Material for this exercise: Begin
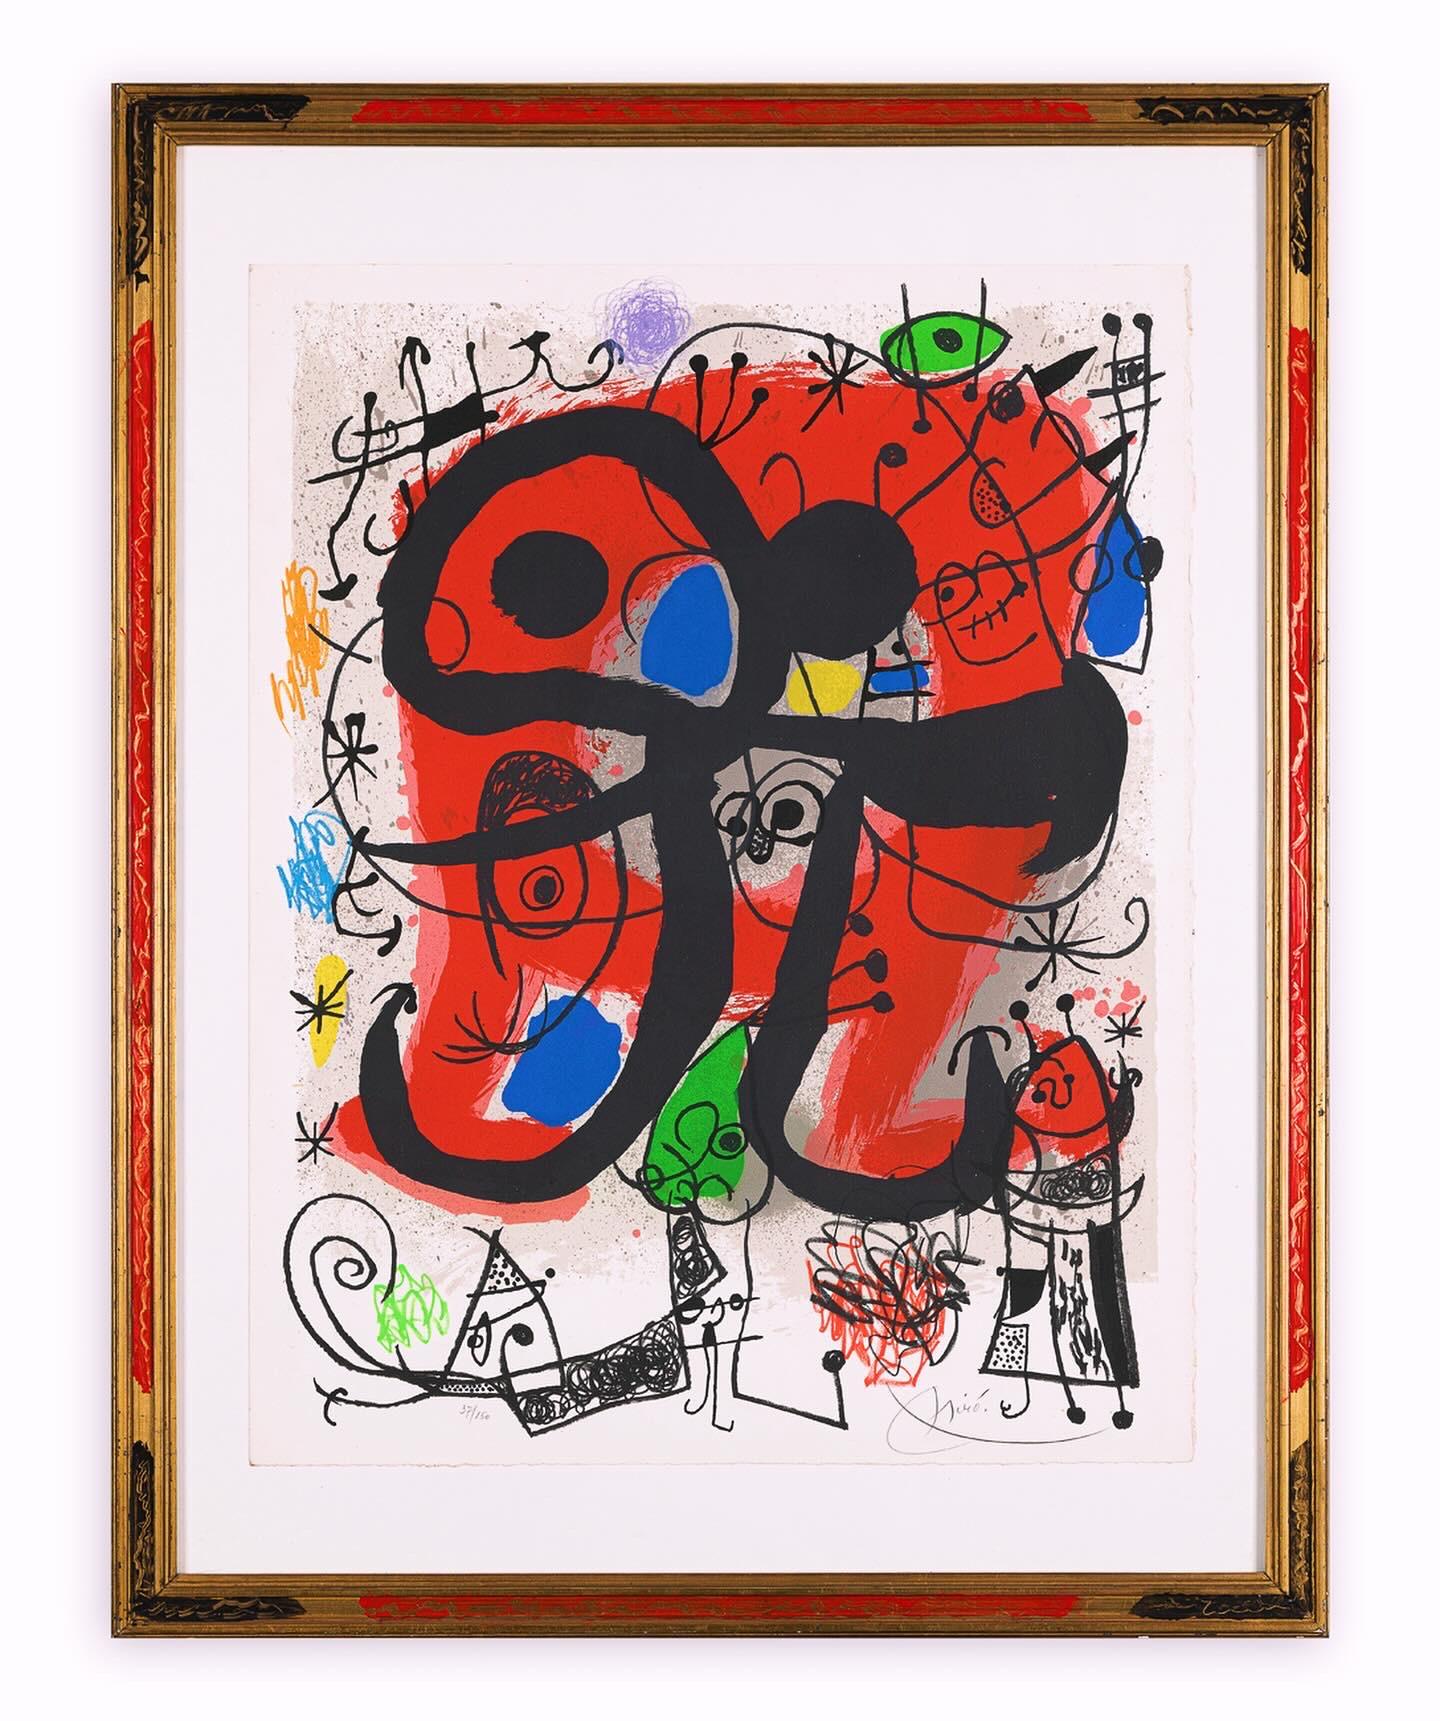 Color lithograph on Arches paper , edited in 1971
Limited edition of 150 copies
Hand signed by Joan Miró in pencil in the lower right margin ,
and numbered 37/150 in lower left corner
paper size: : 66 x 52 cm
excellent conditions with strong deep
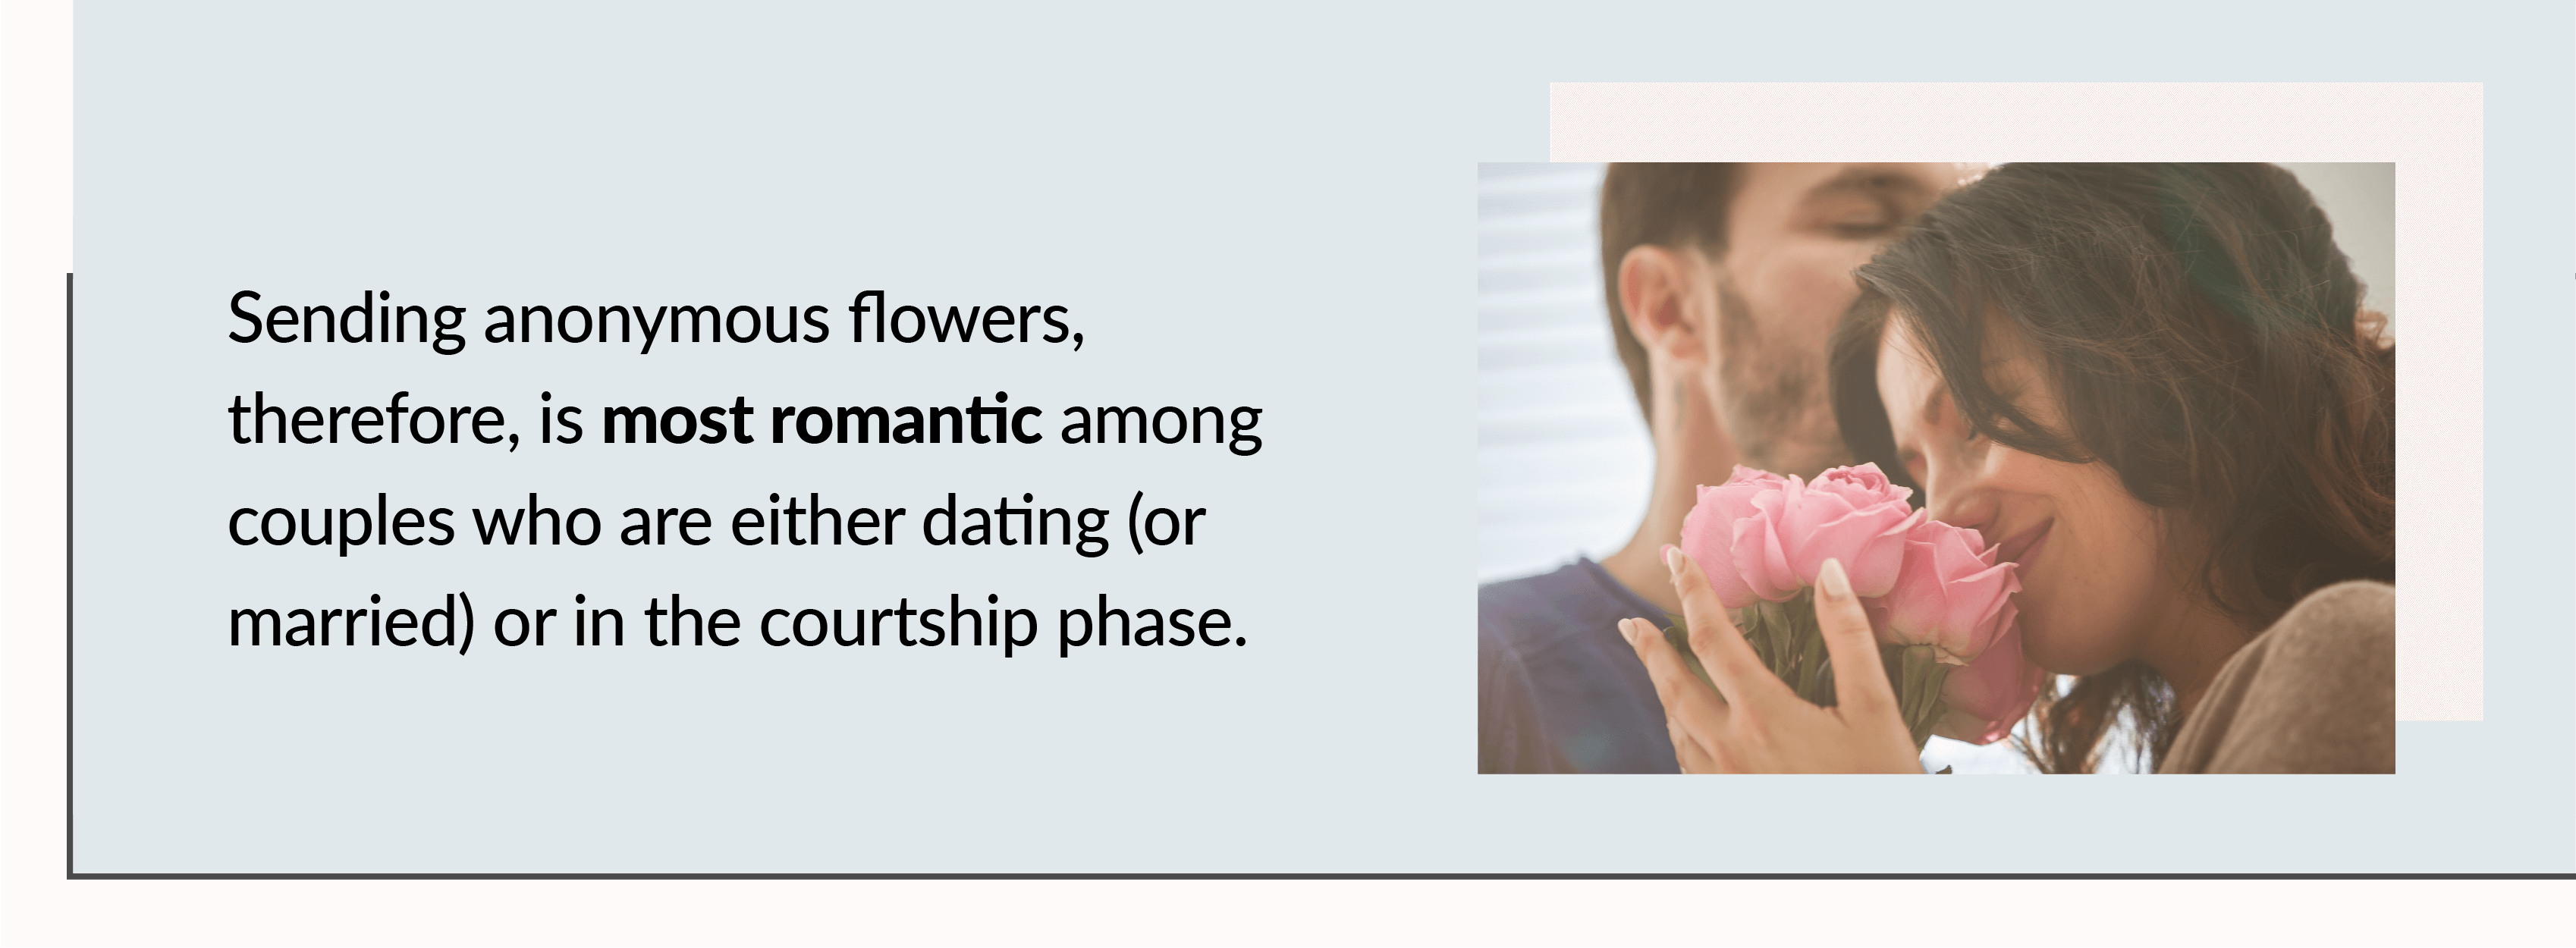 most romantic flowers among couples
Material for this exercise: End
• _What the task asks_:
Output exactly the lines from the first line of the records through the line containing "excellent conditions with strong deep". Leave out every picture.

• _Solution to this task_:
 Color lithograph on Arches paper , edited in 1971
Limited edition of 150 copies
Hand signed by Joan Miró in pencil in the lower right margin ,
and numbered 37/150 in lower left corner
paper size: : 66 x 52 cm
excellent conditions with strong deep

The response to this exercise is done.